Our experiment is inspired by a real-world scenario. Imagine being a mobile phone manufacturer in 2000, training a perceptron to predict whether customers will buy a particular phone model. At that time, touchscreens were immature, and customers preferred devices with keypads and lower prices, making the Nokia 3310 a best-seller. We train the perceptron using a hypothetical dataset reflecting these preferences. The perceptron gradually adjusts its weights to minimize prediction errors, learning that customers prefer low-priced phones with keypads.

Fast forward to 2007, when touchscreens have become user-friendly, and customers now prefer them over keypads. Additionally, mobile phones have become status symbols, and customers are willing to pay higher prices. Apple's entry into the market with the iPhone exemplifies this shift. To adapt to these new preferences, we retrain the perceptron with updated data. The retraining process requires the network to unlearn old weights and adjust to new ones, which is more complex than initial training.

Experiment shows that retraining an old perceptron takes more iterations than training a new one from scratch. This is because the old network must first unlearn previous weights before learning new ones. In contrast, a new perceptron can directly learn the new weights, making the process more efficient. This insight can be applied to real-world scenarios, such as why established companies struggle to adapt to disruptive innovations compared to new market entrants.

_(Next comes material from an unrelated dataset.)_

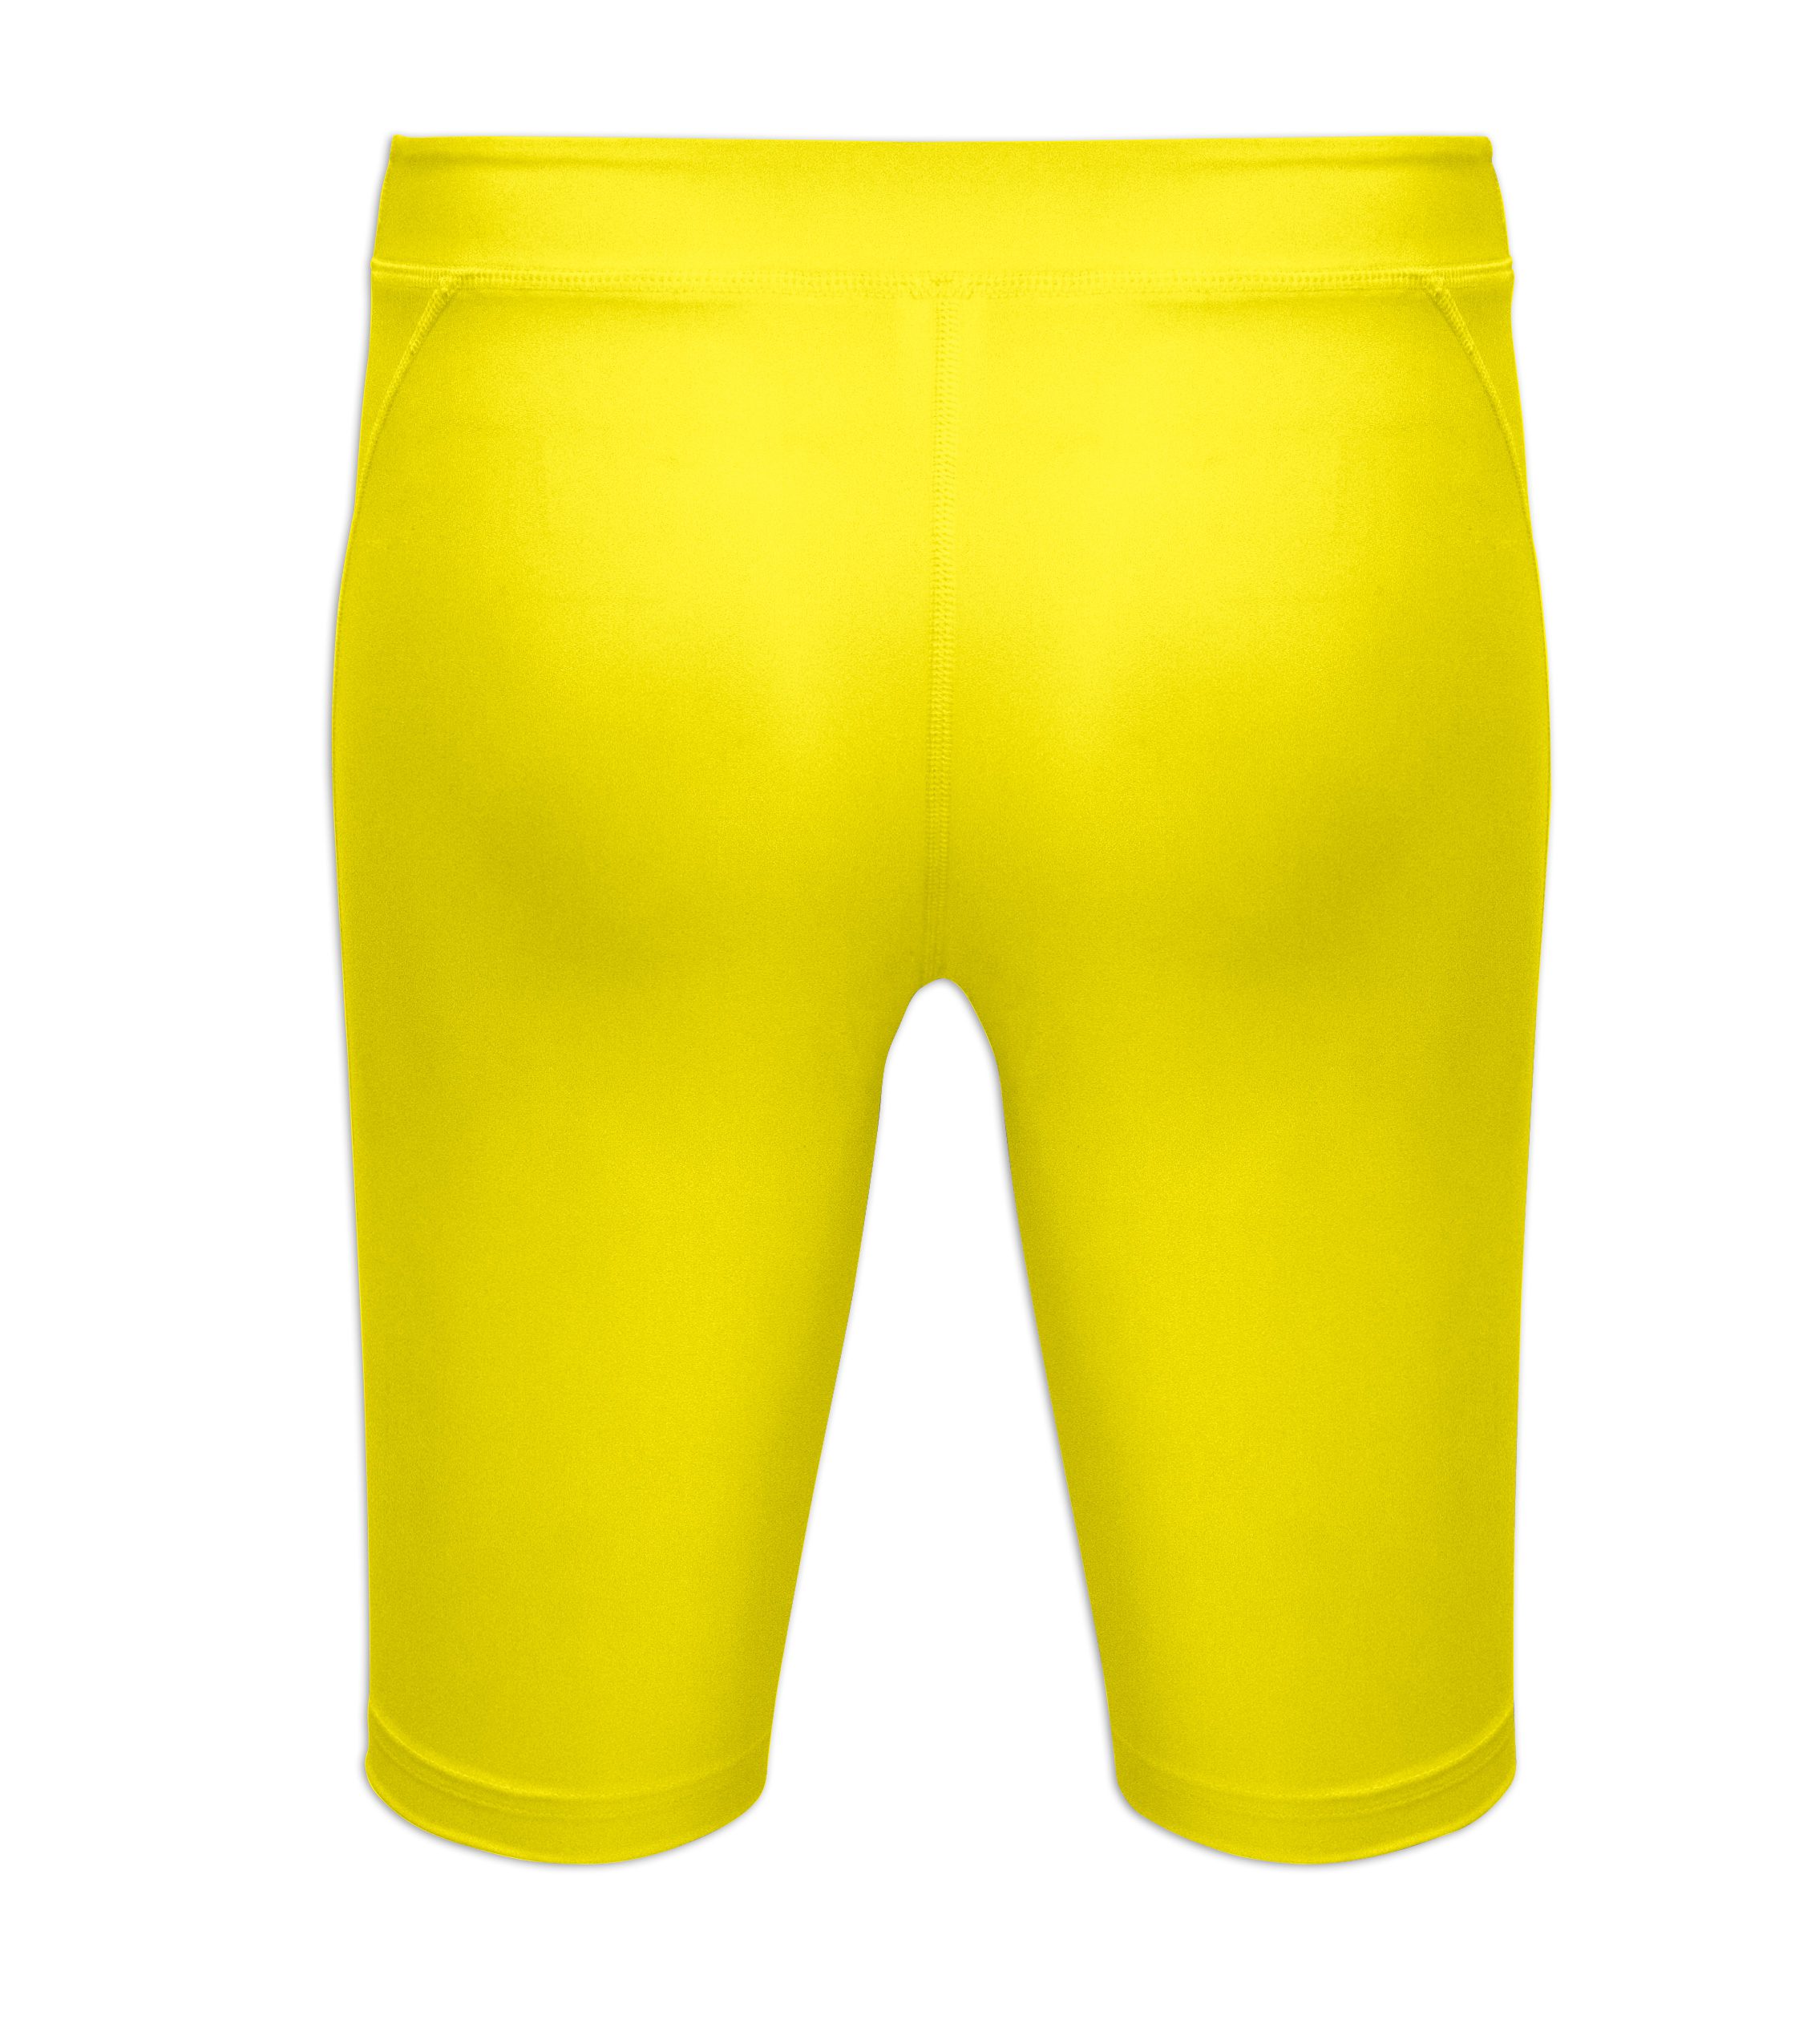 Ladies Compression Shorts - Yellow
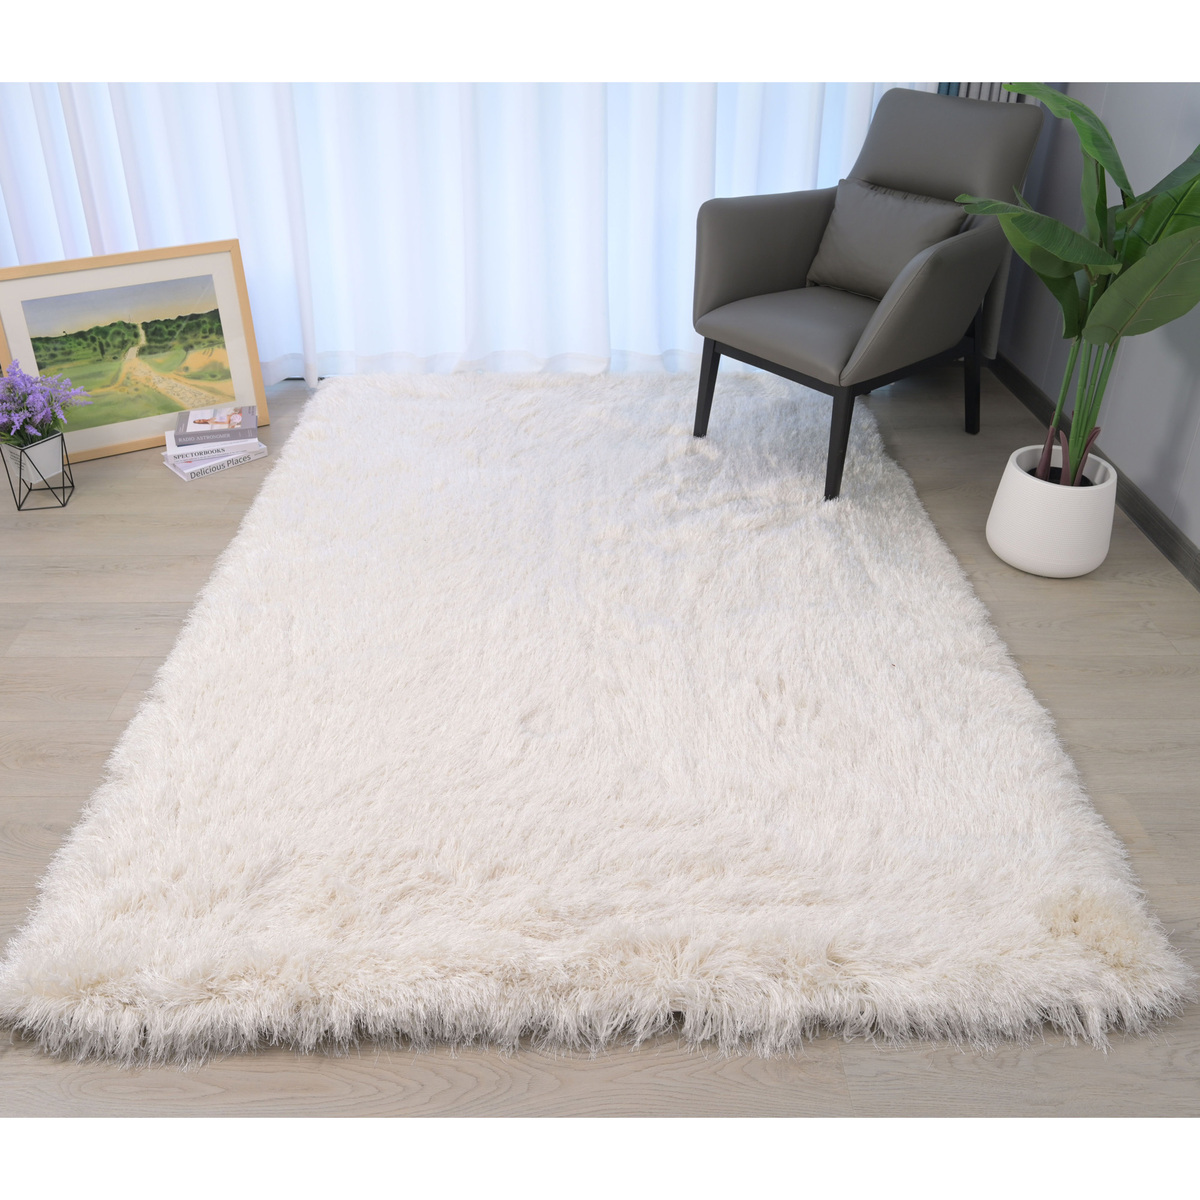 Maple Leaf Soft Non-slip Shaggy Carpet 120x160cm Ivory

The experiment demonstrates that retraining an ANN can be more costly than training a new one. This principle can be extended to human learning, suggesting that unlearning and relearning are inherently more challenging. In "The Innovator's Dilemma," Christensen explains why market leaders often fail to adapt to new technologies, while new entrants succeed. Economic factors play a role, but our experiment suggests that mathematical reasons might also contribute. New entrants can learn from scratch, while established firms must first unlearn outdated practices.

Radical changes pose challenges not only for businesses but also for society. In "The Second Machine Age," Brynjolfsson and McAfee compare the digital age to the industrial revolution, highlighting the social upheaval caused by disruptive technologies. The struggle to adapt might be due to the difficulty of unlearning and relearning, as illustrated by our experiment. Understanding these challenges can help address the pain points of societal transformation.